[How to complete this task]:
Print exactly what appears from the line containing "Jurafuchs-Illustration zum Fall" through the final line of the data below, pictures excluded.

[Dataset extract]:
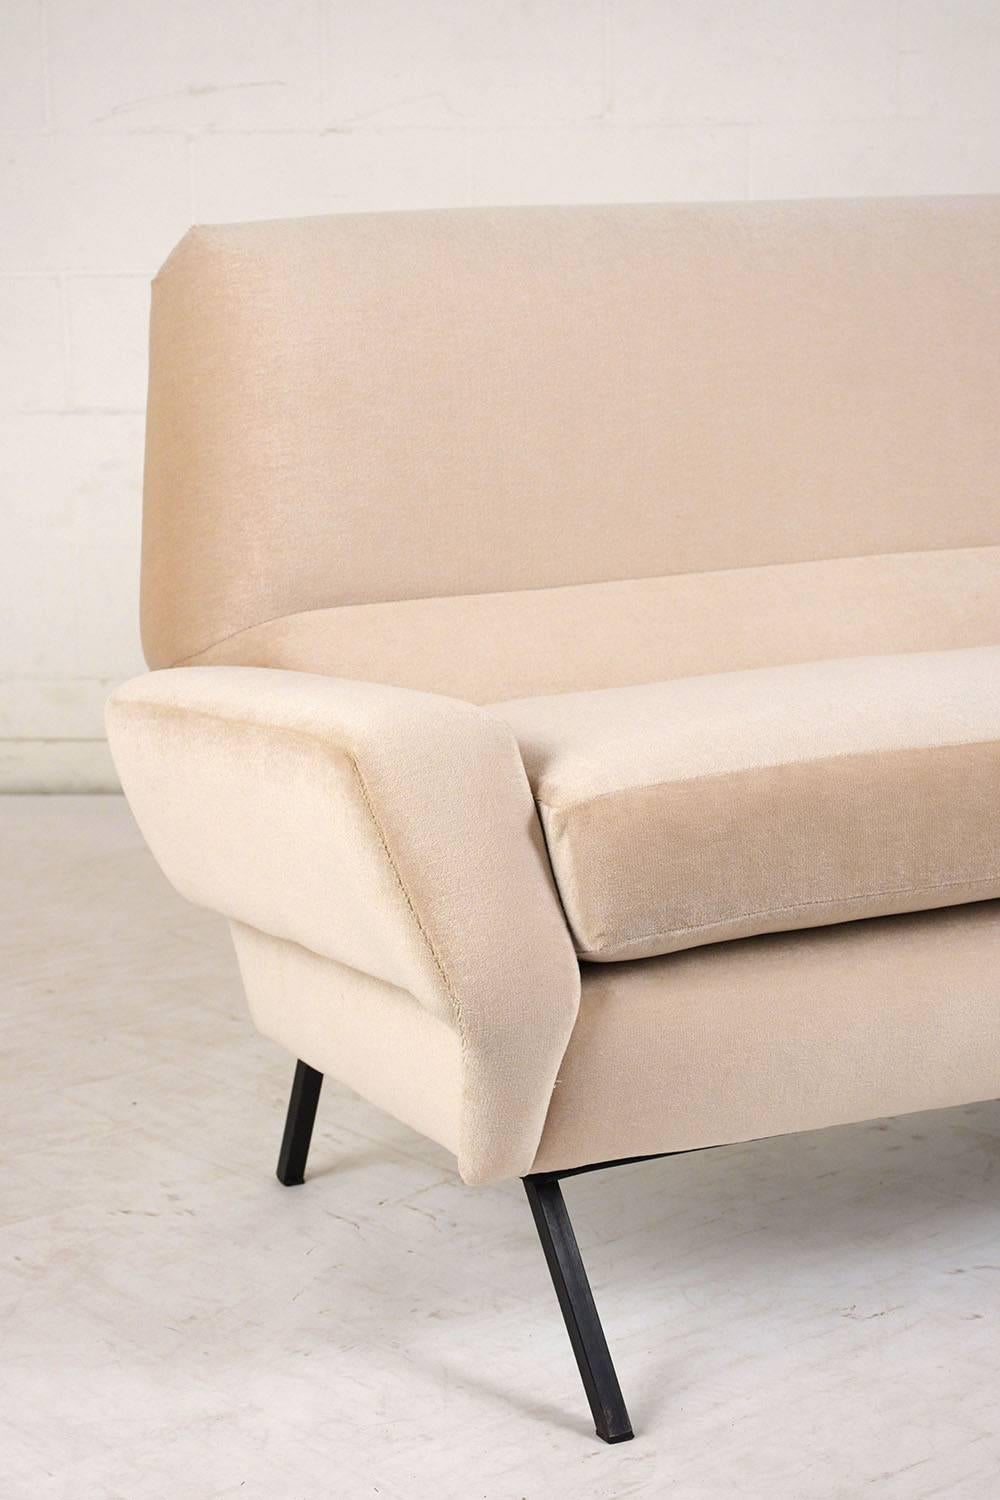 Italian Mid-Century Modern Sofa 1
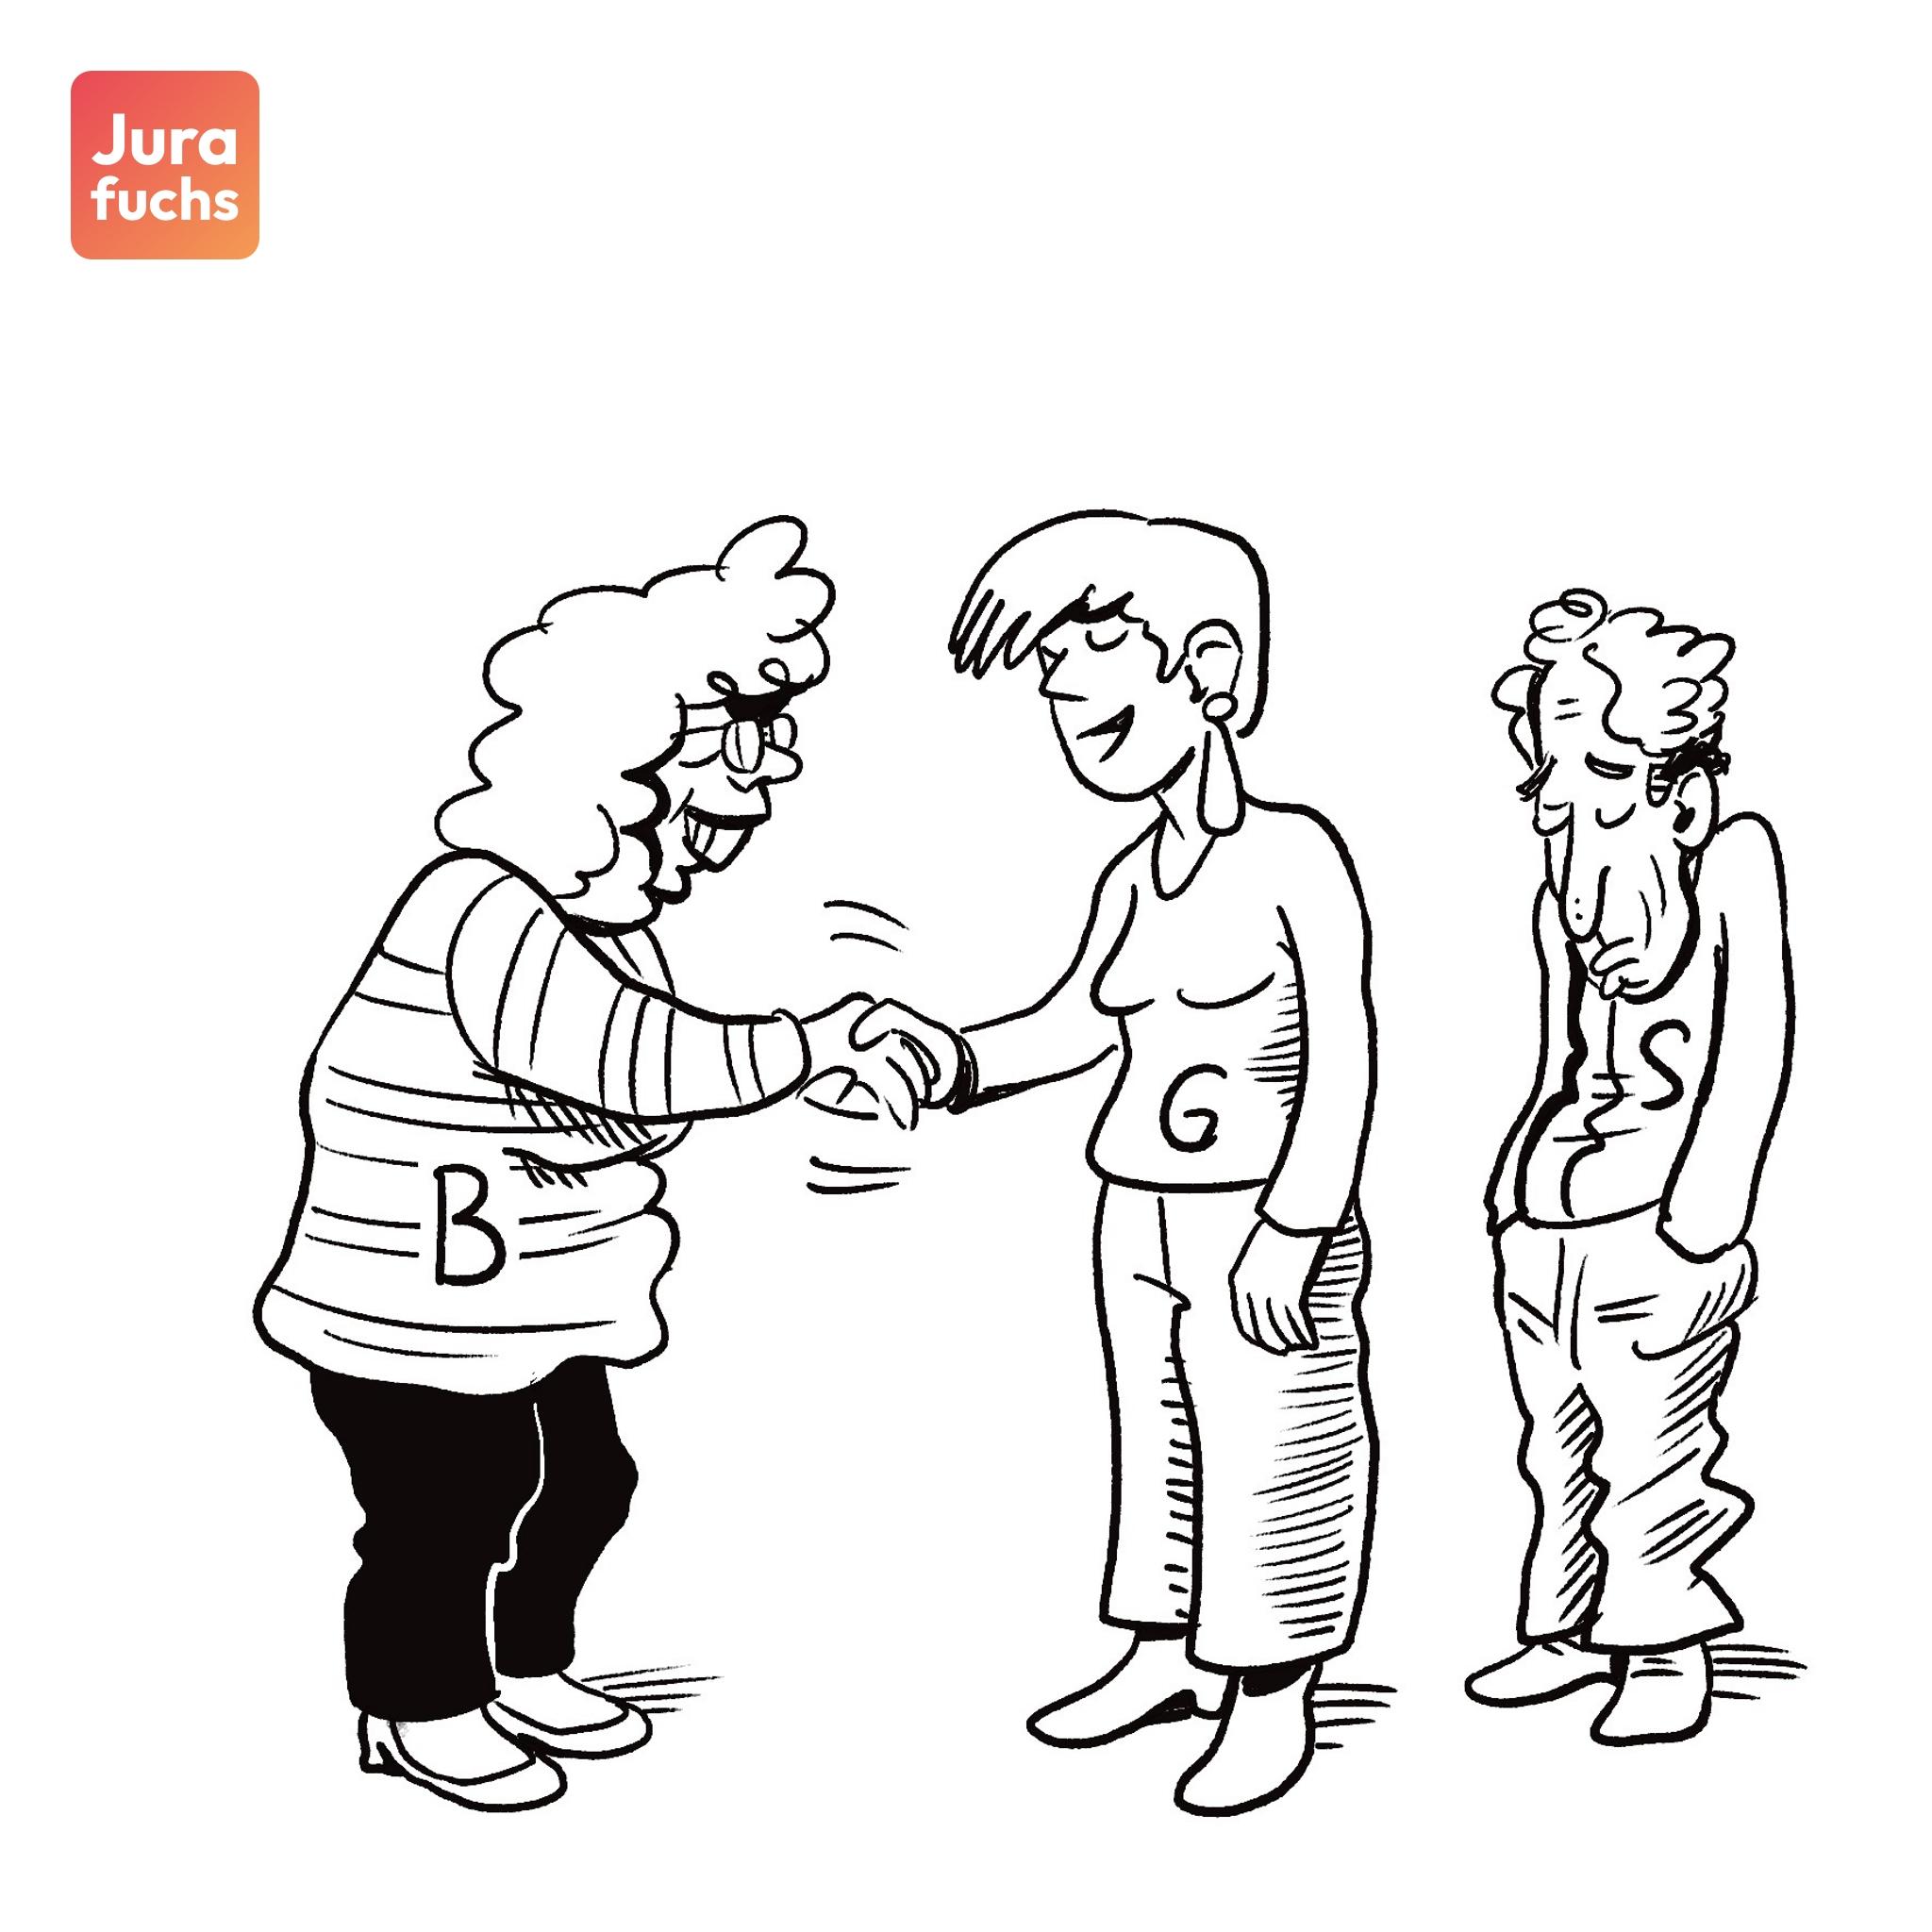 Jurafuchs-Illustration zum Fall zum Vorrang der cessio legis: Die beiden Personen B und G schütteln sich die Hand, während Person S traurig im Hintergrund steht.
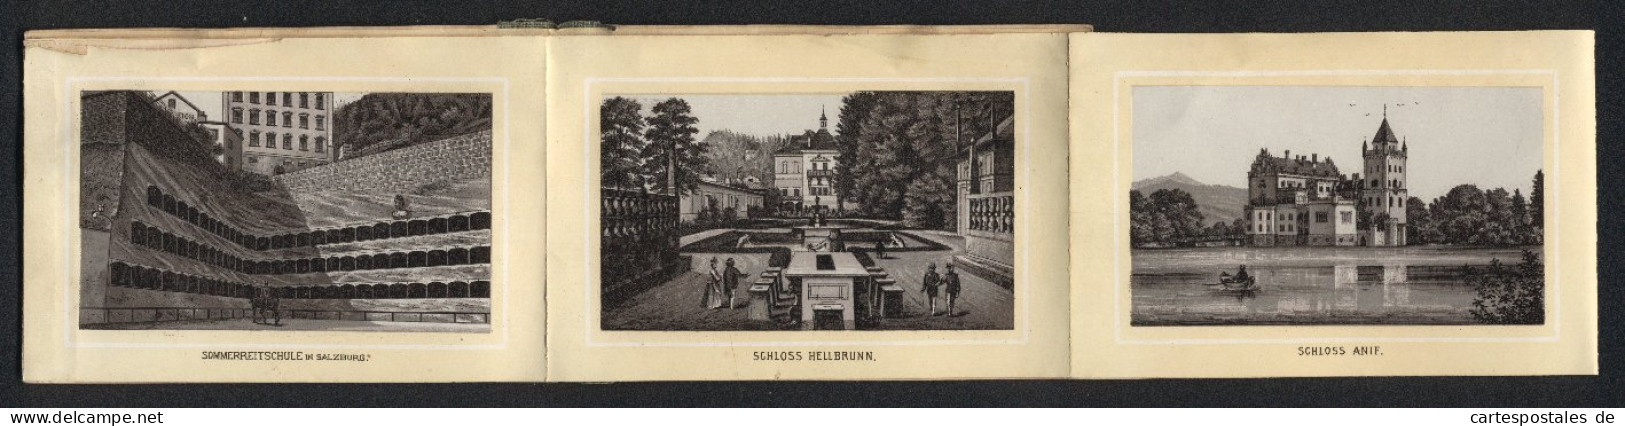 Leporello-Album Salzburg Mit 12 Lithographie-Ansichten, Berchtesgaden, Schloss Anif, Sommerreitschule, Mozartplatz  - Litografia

[Output for this task]:
 Jurafuchs-Illustration zum Fall zum Vorrang der cessio legis: Die beiden Personen B und G schütteln sich die Hand, während Person S traurig im Hintergrund steht.
 Leporello-Album Salzburg Mit 12 Lithographie-Ansichten, Berchtesgaden, Schloss Anif, Sommerreitschule, Mozartplatz  - Litografia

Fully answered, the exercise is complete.